Against the backdrop of gold prices breaking through $5,000, a sustained stock market boom, and a weakening US dollar, Bitcoin, once seen as a momentum trade and a hedge against currency devaluation, has been absent from this feast.
Cryptocurrencies are inferior to gold in terms of safe-haven attributes and lag behind AI in risk attributes, leading to a declining appeal for capital in the current market phase.
Bitcoin's price has stagnated, trading volume is sluggish, and long-term believers are turning to more reliable markets like stocks and precious metals. Bitcoin is currently hovering around $87,000, down 25% from its October high and having lost 6% in the past seven days alone.
According to Bloomberg data, investors withdrew over $1.3 billion from Bitcoin-related funds in the past week, continuing the trend of outflows from cryptocurrency ETFs.
In theory, the current macroeconomic environment should be favorable for cryptocurrencies. Easing inflation and interest rates typically boost risk appetite, while loose financial conditions and rising geopolitical uncertainty have historically supported assets touted as hedges against currency devaluation. However, this time, BTC's price has not found effective support.
Capital Seeks Alternatives
On the safe-haven asset side, precious metals are attracting capital inflows as investors seek refuge from geopolitical risks and a weakening dollar. On the risk asset side, driven by AI demand, corporate EPS (earnings per share) has improved significantly, and tech stock gains continue to widen.
In comparison, cryptocurrencies are inferior to gold in safe-haven attributes and lag behind AI in risk attributes, leading to a declining appeal for capital in the current market stage.
A JPMorgan report last week noted that broad-based equity ETFs are recording the largest inflows on record, while the cryptocurrency market is experiencing outflows.
"Facing these dynamics, it is indeed a challenging time for the industry," said Stephane Ouellette, CEO and Co-Founder of FRNT Financial Inc. "Cryptocurrencies now face many competing themes—from an innovation perspective, artificial intelligence has attracted significant investment over the past year, and cryptocurrencies are now excluded from the inflation trade. I think Bitcoin needs to prove to participants that it can trade at least above $100,000 to achieve a meaningful continuation of the bull market."

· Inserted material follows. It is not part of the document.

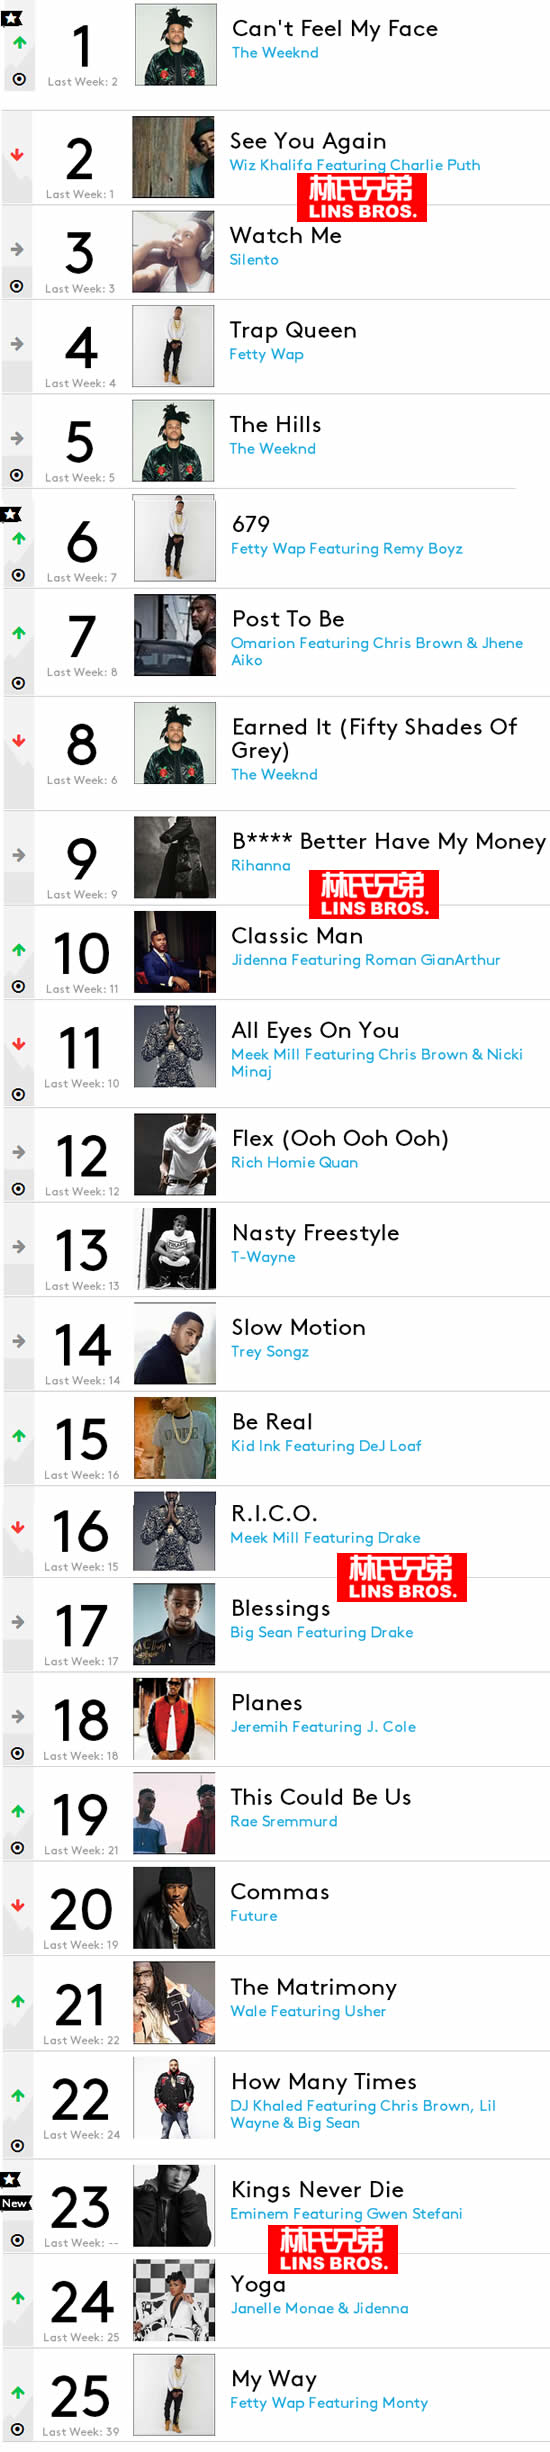 必看榜单! 本周Billboard 前1 25名嘻哈/R&B歌曲榜单..Eminem歌曲本周杀进榜单

Holding Conviction Quietly Eroding
This caution is reflected not only in the price. On-chain data from CryptoQuant shows that Bitcoin holders have entered a phase of net realized losses for the first time since 2023. Even without a crash in the spot price, more investors are cutting losses and exiting, indicating that conviction is waning.
Bitcoin open interest remains well below levels seen before the October sell-off, which wiped out nearly $20 billion in market capitalization. According to Coinglass data, futures holdings for smaller altcoins have seen even larger declines.
Much of the caution can be traced back to the sell-off that began in early autumn last year, when sharp liquidations wiped out tens of billions of dollars in cryptocurrency wealth, impacting even experienced participants. Many retail investors did not rotate within cryptocurrencies but chose to exit altogether.
This stagnation is both capital-driven and ideological. The holding conviction that once defined the cryptocurrency retail base has weakened. From NFTs to meme tokens, the speculative cycles that brought new participants into the ecosystem have either collapsed or lost credibility.
Some speculative demand has migrated elsewhere. Prediction platforms like Kalshi and Polymarket are seeing increased trading volume, and decentralized contract trading platform Hyperliquid is also experiencing rapid growth, all attracting the same traders who once fueled the rise of cryptocurrencies.
Macro Hedge Status Questioned
Bitcoin's significant underperformance relative to gold's price action recently has raised questions about its status as a macro hedge tool. Even as global tensions escalate, Bitcoin, often described as digital gold, remains stagnant. "Bitcoin is unlikely to replace gold as investors' preferred safe-haven asset," wrote Duke University Professor Cam Harvey after the October pullback.
Analysts at Citigroup and cryptocurrency firm Tagus Capital recently reached similar conclusions, noting that Bitcoin's function as an inflation hedge is, at best, sporadic—more influenced by liquidity, risk appetite, and tech stock flows than by any enduring link to dollar weakness or geopolitical stress.
What remains is a thinner, quieter crypto market, still functioning but increasingly detached from its early sense of urgency and potential. Although the crypto industry has experienced prolonged periods of dormancy and sharp drawdowns before. Its absence is particularly conspicuous in a year when almost every other asset class is rising.